Tembo DataWarehouse Stack is tuned and configured for data warehouse workloads. Extract, Transform and Load data from external sources using extensions. Build centralize datastore for analytical and tactical queries.
Container Image
This stack is built with a custom image, dw-cnpg
, which you can find more detailed information about within the dw-cnpg Dockerfile
For interest in the other Stack-specific images, please visit the official tembo-images repository.
Extensions
pg_stat_statements
provides statistics on SQL statements executed by the database. It helps users analyze query performance and identify areas for optimization.- hydra_columnar -
hydra_columnar
is open source, column-oriented Postgres, designed for high-speed aggregate operations. - pg_partman -
pg_partman
- simplifies and automates partitioning of large database tables. It helps manage data efficiently by dividing it into smaller, more manageable partitions. - pg_cron -
pg_cron
automates database tasks within PostgreSQL, enabling scheduled maintenance, recurring tasks, and interval-based SQL queries. - postgres_fdw -
postgres_fdw
provides the foreign data wrapper necessary to access data stored in external Postgres servers. - redis_fdw -
redis_fdw
provides the foreign data wrapper necessary to access data stored in external Redis servers. - wrappers -
wrappers
is a development framework for Postgres Foreign Data Wrappers (FDW), written in Rust. It also comes with collection of FDWs built by Supabase. - multicorn -
multicorn2
Foreign Data Wrapper allows you to fetch foreign data in Python in your PostgreSQL server. - Extensions from Trunk can be installed on-demand.
Getting started
Let’s say you are wearing a data engineer hat and working on a click through rate (CTR) project and you have got a bunch of CTR data dumped in S3. Data can be in CSV, Parquet or JSON format. Motivation is to get insights from S3 data with minimal setup.
About Data in S3
The data we will use for the example is available in a publicly available S3 bucket. You can download the data using the aws-cli from the bucket using the following command. Please note that you will need to have the aws-cli installed and configured with your AWS credentials.

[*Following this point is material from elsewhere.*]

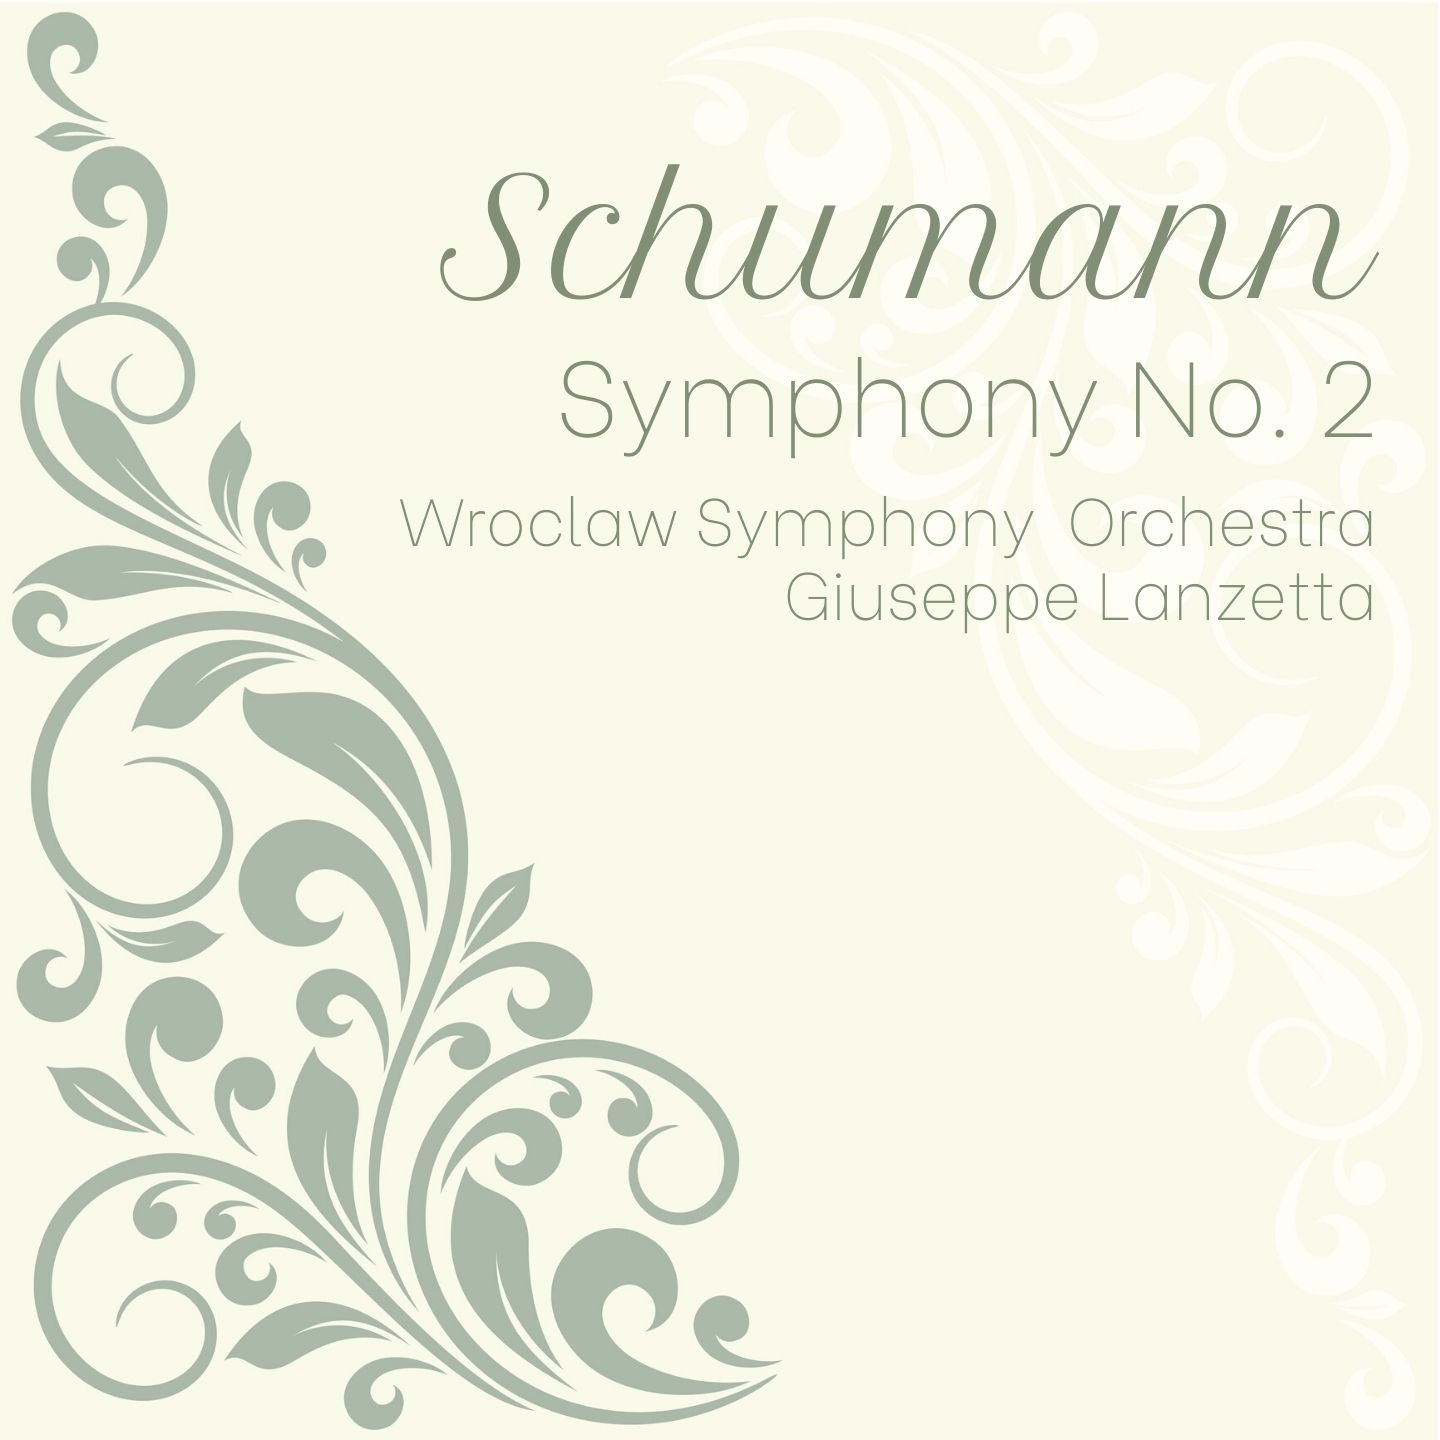 Schumann: Symphony No. 2 in C major, Op. 61

aws s3api get-object --bucket tembo-demo-bucket --key CTR1M.csv.gz ./CTR1M.csv.gz --no-sign-request
And then create a new bucket and upload the data using the following command.
aws s3api create-bucket --bucket tembo-demo-bucket
aws s3api put-object --bucket tembo-demo-bucket --key CTR1M.csv.gz --body CTR1M.csv.gz
Please see the AWS S3 documentation on downloading and uploading objects for more details.
Data fields
id: ad identifier
click: 0/1 for non-click/click
hour: format is YYMMDDHH, so 14091123 means 23:00 on Sept. 11, 2014 UTC.

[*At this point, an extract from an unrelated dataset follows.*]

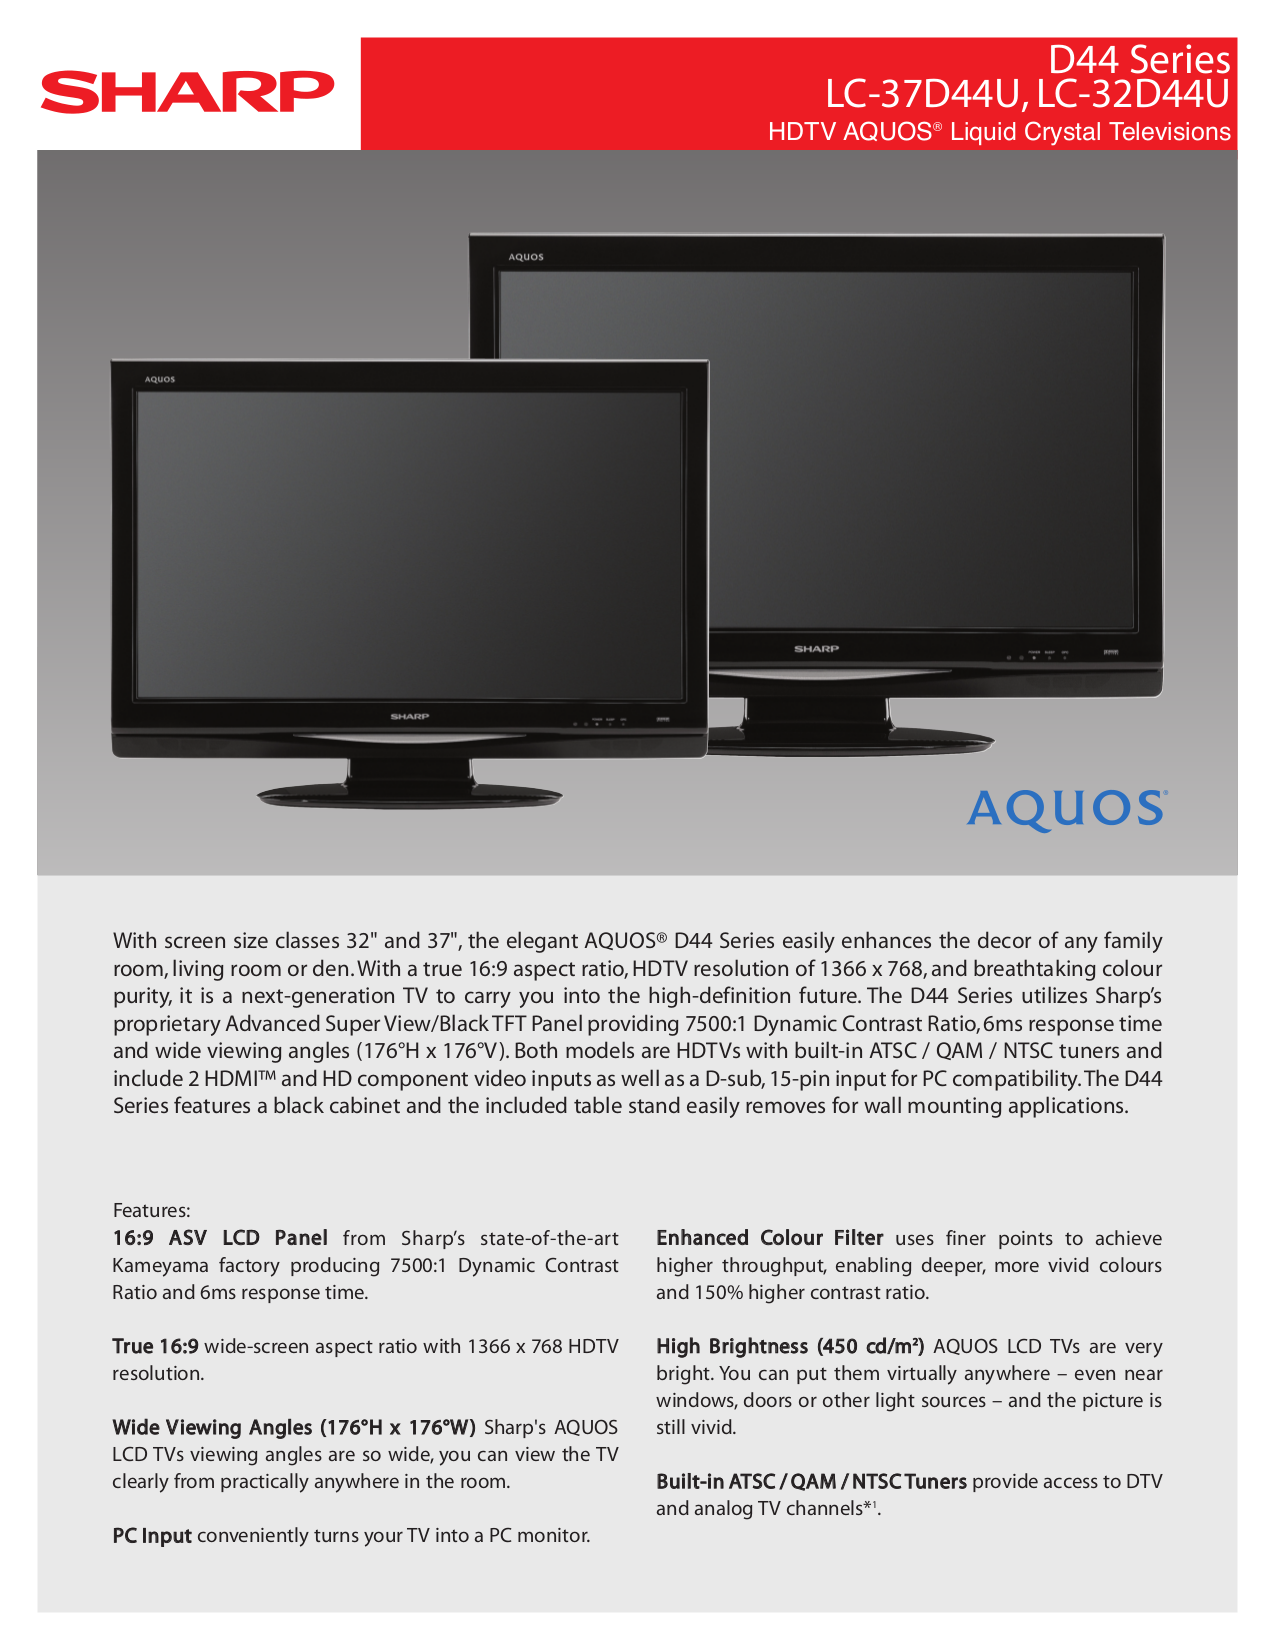 sharp aquos 3d tv manual

C1 — anonymized categorical variable
banner_pos
site_id
site_domain
site_category
app_id
app_domain
app_category
device_id
device_ip
device_model
device_type
device_conn_type
C14-C21 — anonymized categorical variables
Setup
First, connect to your Tembo cluster:
psql 'postgresql://postgres:<your-password>@<your-host>:5432/postgres'
Accessing S3 data from the Tembo stack is a three step process.
Step 1
Define a handler and validator for wrapper.
CREATE foreign data wrapper s3_wrapper
handler s3_fdw_handler
validator s3_fdw_validator;
Step 2
Create a server on top of wrapper.
create server s3_server
foreign data wrapper s3_wrapper
options (
aws_access_key_id 'INSERT_ACCESS_KEY_ID',
aws_secret_access_key 'INSERT_SECRET_ACCESS_KEY',
aws_region 'us-east-1'
);
Step 3
Create a foreign table that matches the columns of the CSV data. Keep all the columns of type text.
create foreign table s3_ctr_1M_gzip_csv(
id text,
click text,
hour text,
c1 text,
banner_pos text,
site_id text,
site_domain text,
site_category text,
app_id text,
app_domain text,
app_category text,
device_id text,
device_ip text,
device_model text,
device_type text,
device_conn_type text,
c14 text,
c15 text,
c16 text,
c17 text,
c18 text,
c19 text,
c20 text,
c21 text
)server s3_server
options (
uri 's3://tembo-demo-bucket/CTR1M.csv.gz',
format 'csv',
has_header 'true',
compress 'gzip'
);
Good to go…
Query 1
Gather overall CTR across 1 million impressions.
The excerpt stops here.